Conflicts about race and Israel/Palestine are at the sharp end of debates over civility on campus. In the wider public sphere, other conflicts — over abortion, animal rights, climate change — are also intense and attract enormous emotional energy. With the vast amount of information that circulates today about even the most peripheral issues, it can be intolerable to witness what one sees as oppression and suffering.
It is not incidental that the Salaita case, the Saida Grundy incident, and other controversies over civility started on social media. In our closely connected, media-suffused world, the sources of this pain are not “out there”; they show up taunting us insistently. It is nearly impossible not to give as good as we get.
But understanding why academics get caught up in the abusive maelstrom doesn’t mean we shouldn’t mourn the degradation it inflicts on scholarly life. There is something remarkably sad in witnessing the ways in which even academic giants compromise themselves. For example, can we continue to appreciate The Selfish Gene knowing what we know now of Richard Dawkins, whose reputation has taken a beating from his tendency to write crude and abusive tweets?
Anger can certainly be a good motivator for politically engaged scholarship, but recognizing the inevitability of anger does not obviate the need to work for civility. A renewed and better standard of civility should be a collective kind of journey, on which we recognize that the modern world has exposed some of our deepest frailties.
The Salaita case and others are teachable moments, opportunities to begin a process of thinking through how we might be better communicate in a world in which the temptations to shut down communication are stronger than ever.
So rather than withdraw Salaita’s job offer or ignore his inflammatory statements, Illinois should have explored a third option: to use the appointment as a starting point for a process of civility-building and conflict resolution both within the university and in the public sphere. It was an opportunity for reflection for all parties in the dispute, based on an acknowledgment of mutual fallibility.

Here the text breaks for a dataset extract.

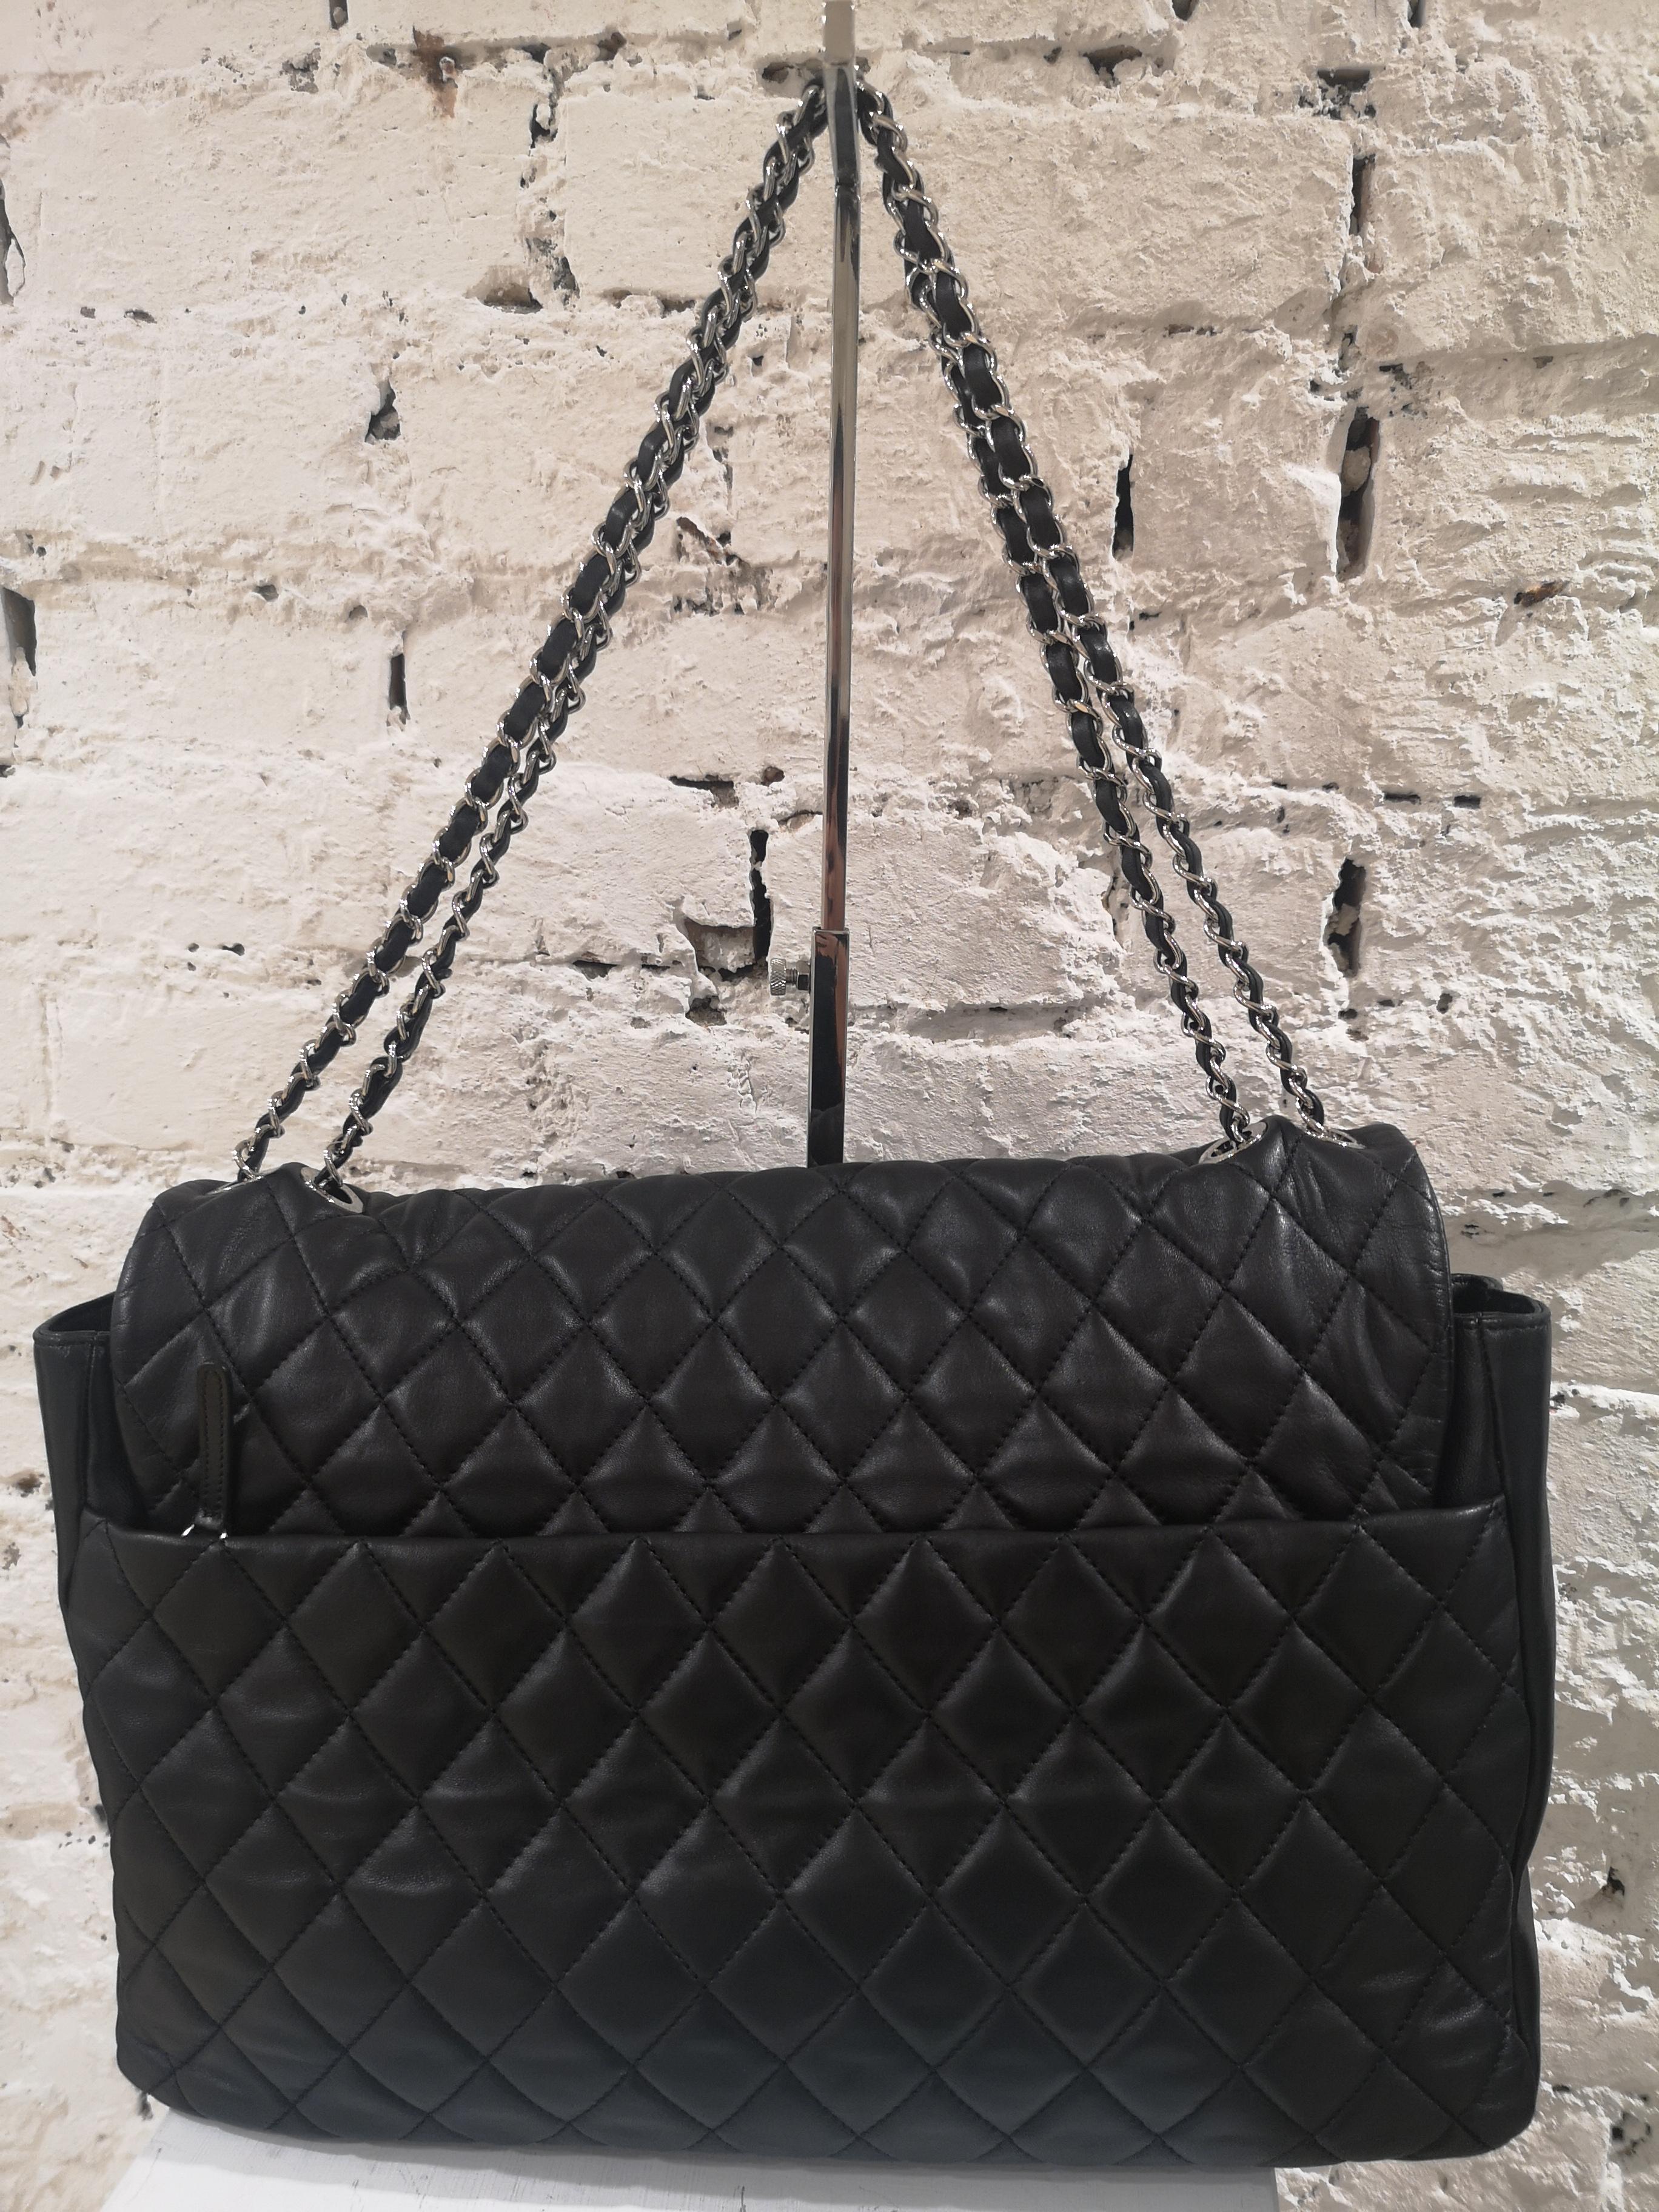 Chanel maxi jumbo black leather shoulder bag 5
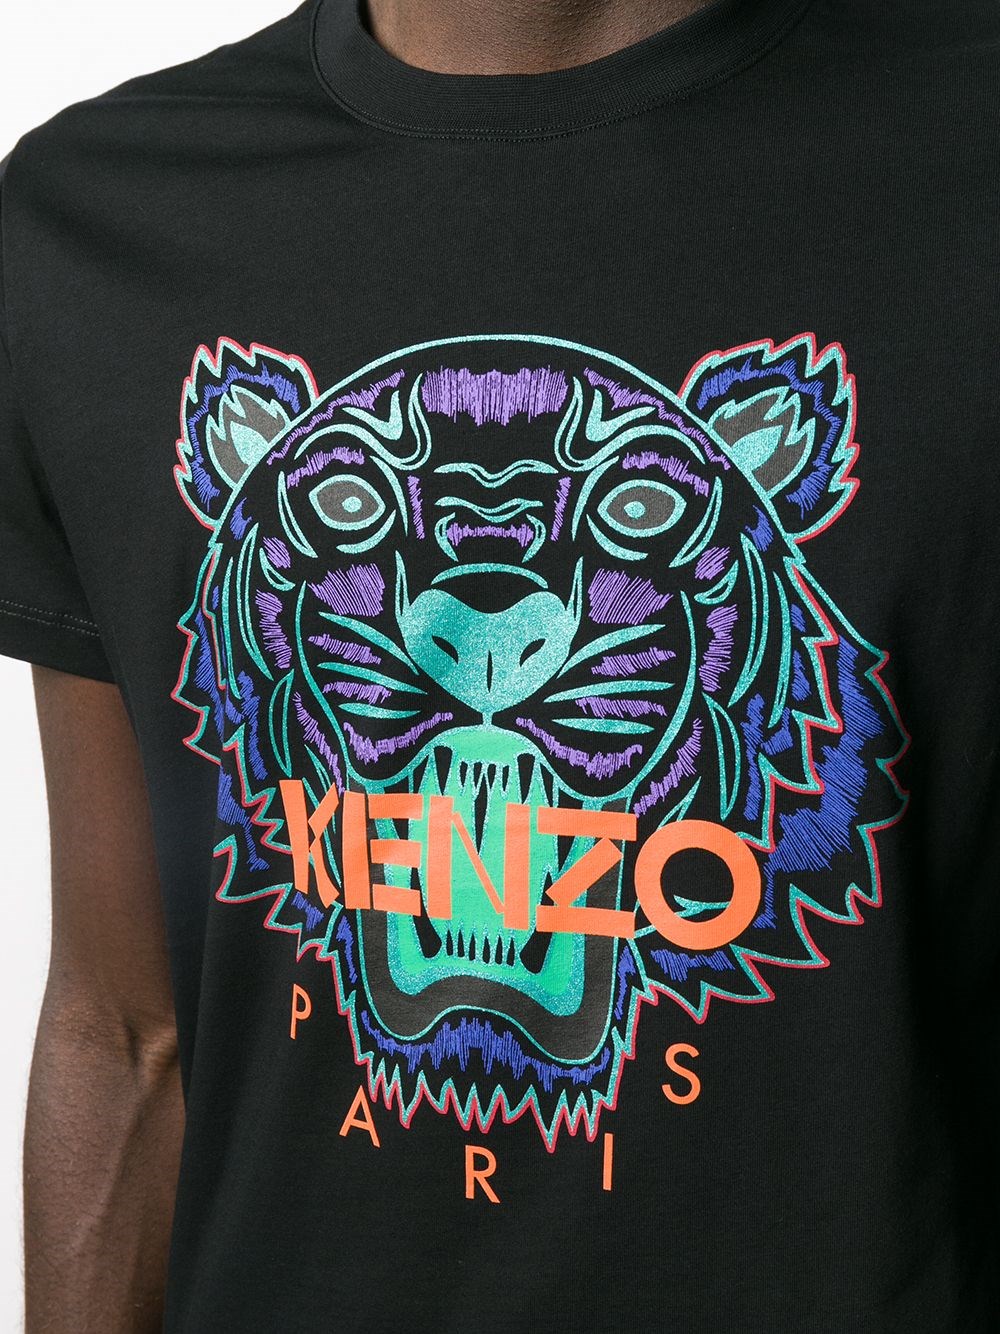 kenzo t shirt original

Of course, conflict resolution is difficult in the face of intense public interest. Perhaps the starting point could have been a collective statement by Salaita, the university, and other interested parties calling for a temporary period of quiet so that the case could be discussed, away from the media spotlight. Would that have worked? Maybe partially, maybe not at all. But we’re going to have to find a way to create such temporary “safe” spaces if conflict resolution over any issue is going to stand a chance.
Keith Kahn-Harris is a sociologist based in London. His latest book is Uncivil War: The Israel Conflict in the Jewish Community.